When considering a major change to an existing system, it is useful to frame it in terms of the desirable outcomes you expect the change will produce, e.g., we can scale to X more users while improving performance by a factor of Y. We’ll have more to say on that in future posts. But it is equally important to identify the desirable properties of the existing system, to make sure they are not lost or forgotten.
The original Shortcut backend was a monolithic Clojure application deployed to AWS Elastic Beanstalk. A monolith is a natural place to start when you’re not really sure what the eventual structure of the system will be. There’s a reason most applications start out this way. “Monolith first” has even been recommended as a design strategy.
Although a monolith itself may be a large, complex piece of software, its most attractive quality, at least at the start, is simplicity. A monolith is simple in the sense that it is a single, unified whole rather than a composition of parts. This makes life easier for developers. When you are working in a monolith, there are fewer decisions to make about where new features should be implemented. Everything goes in the same “place.” Deployment is likewise straightforward because there’s only one thing to deploy.
The monolith has other advantages that are often forgotten amidst the microservice hype. Code within a monolith can be tightly integrated, with every feature at most a function call away. Common behaviors or domain invariants can be enforced simply by calling shared code, and sharing code across components is trivial. The failure modes of a monolith are usually pretty clear: either the application works or it doesn’t. Partial failures, one of the major headaches of distributed systems, are rare in a monolith.
In summary, a monolith is optimized for rapid development and low operational overhead. In other words, it is exactly what an early-stage startup needs. The backend monolith served Shortcut well through the early years, when a small team was racing to build up a minimum viable feature set to compete in the crowded project-management space.
Time to change
By late 2017, the disadvantages of the monolithic design were starting to emerge. Users were starting to complain that the application felt “slow.” At the same time, our AWS bill was growing out of proportion to the number of users. Outages were becoming more common. These were clear signals that we needed to make our backend systems better, and it was difficult to do that within the monolith.
Optimizing performance of software systems is about specializing. A component that has only one job can be carefully crafted for that specific job, making it more efficient, i.e., doing more work while consuming fewer hardware resources.
For a non-software analogy, think of a Formula One race car compared with a standard car. The race car is highly optimized for the conditions of a race track, but you can’t drive it home. The standard car can drive on all kinds of roads, but it will never beat the race car on the track.
A monolith is the antithesis of specialization: It does everything. Even though it may be deployed to multiple machines, each machine must be capable of performing any task. Homogeneity is an attractive quality at first, because it seems simpler, but it means that specialization is all but impossible. In a monolith, there are fewer opportunities to optimize for specific tasks.

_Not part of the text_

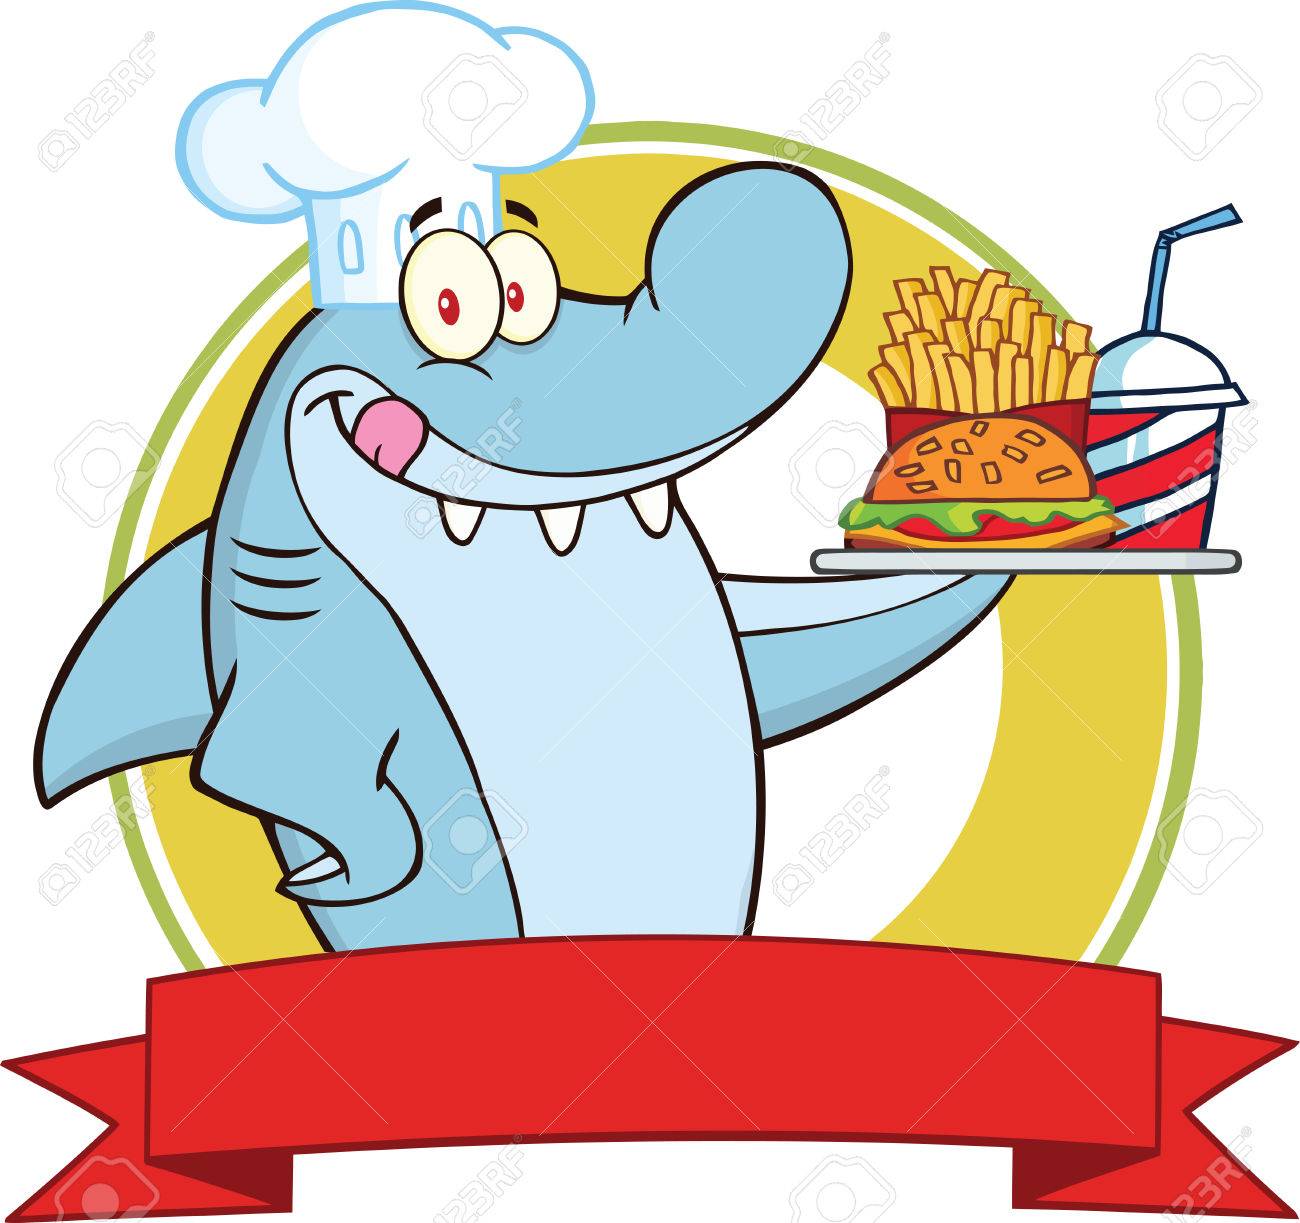 26378822-Chef-Shark-With-Plate-Of-Hamburger-French-Fries-And-Soda-Label-Illustration-Isolated-on-white-Stock-Vector.jpg

The evolution of the Shortcut backend architecture is largely a story of migrating from generic solutions to specific ones better-optimized for their specific jobs. By necessity, this included breaking the monolithic application into smaller services. Some of those services are small enough to qualify as “microservices,” while others are not. So our story might be called “From Monolith to Multiplicity.”
The next post will describe the first steps we took on this journey. Stay tuned.
- The Shortcut frontend (web and mobile) architecture went through equally significant changes in the same time frame, but this series will focus on the backend.